3. Civilian GPS signals are unencrypted, unauthenticated, and specified in publicly available documents, making them spoofable.

According to Kassas, "By adding more and more sensors, researchers are throwing 'everything but the kitchen sink' to prepare autonomous vehicle navigation systems for the inevitable scenario that GPS signals become unavailable. We took a different approach, which is to exploit signals that are already out there in the environment."

Instead of adding more internal sensors, Kassas and his team in UCR's Autonomous Systems Perception, Intelligence, and Navigation (ASPIN) Laboratory have been developing autonomous vehicles that could tap into the hundreds of signals around us at any point in time, like cellular, radio, television, Wi-Fi, and other satellite signals.

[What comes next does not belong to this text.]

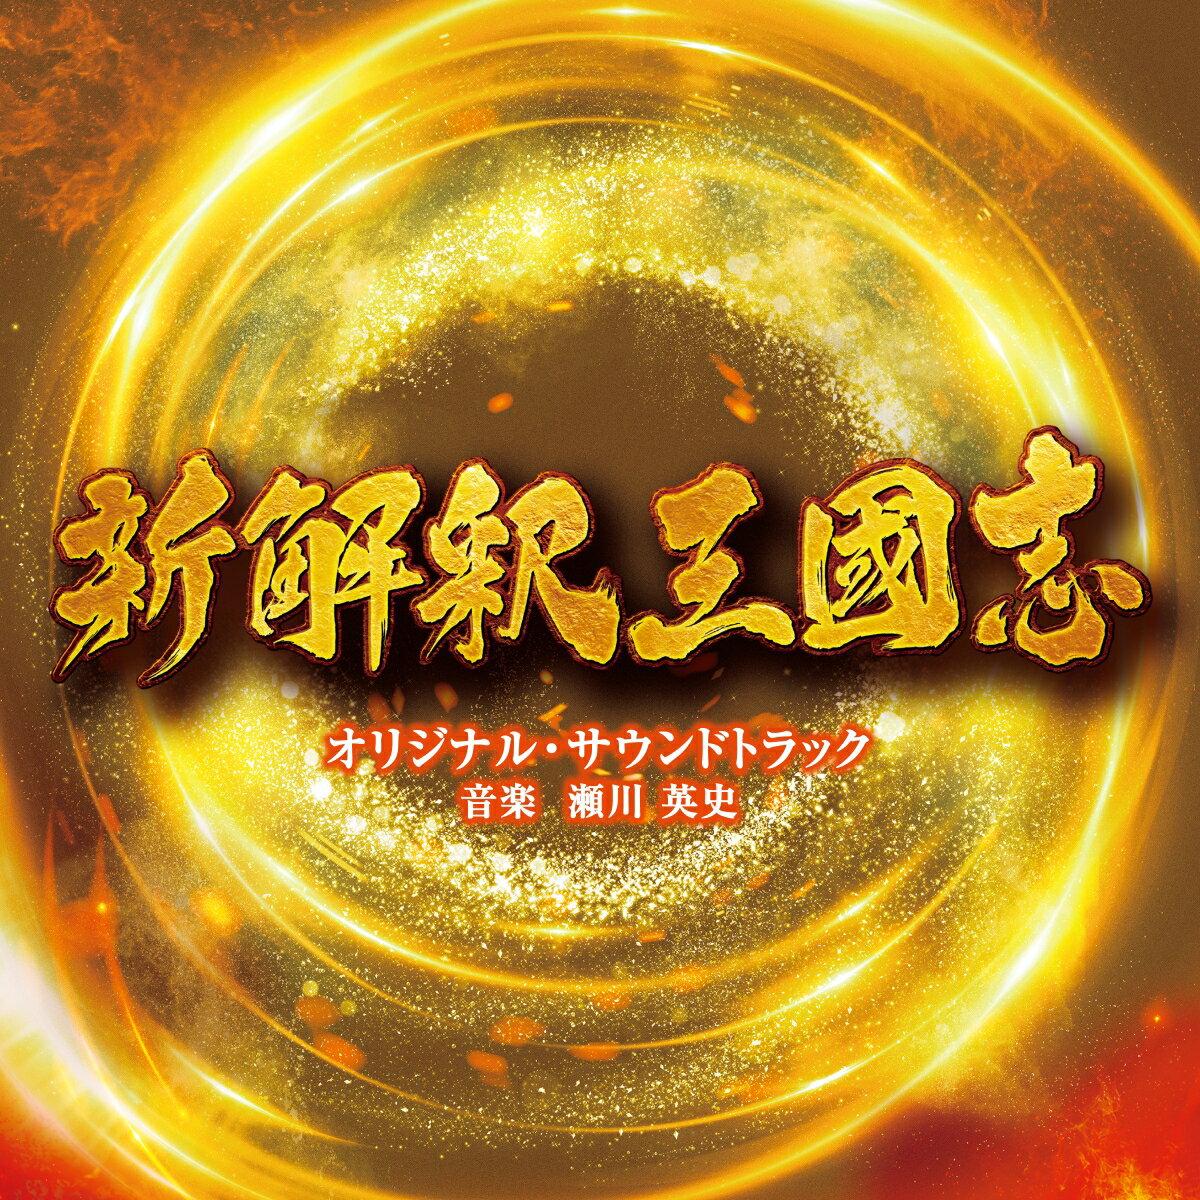 映画「新解釈・三國志」オリジナル・サウンドトラック画像

In the research, Kassas' team showcased ongoing research that exploits these existing communications signals, called "signals of opportunity (SOP)" for navigation. The system can be used by itself, or, more likely, to supplement INS data in the event that GPS fails. The team's end-to-end research approach includes theoretical analysis of SOPs in the environment, building specialized software-defined radios (SDRs) that will extract relevant timing and positioning information from SOPs, developing practical navigation algorithms, and finally testing the system on ground vehicles and unmanned drones.

Asserting that autonomous vehicles will __play a pivotal role in a socio-cultural revolution, Kassas said that their ultimate goal is to make the autonomous vehicles function with no human-in-the loop for prolonged periods of time, which also includes performing missions like search, rescue, surveillance, mapping, farming, fire fighting, package delivery, and transportation.

This research, which is likely to cater next generation, was presented at the 2016 Institute of Navigation Global Navigation Satellite System Conference (ION GNSS+) in Portland, Oregon. So let’s wait and watch how this latest research will transform the face of the current space-based Global Navigation Satellite System (GNSS).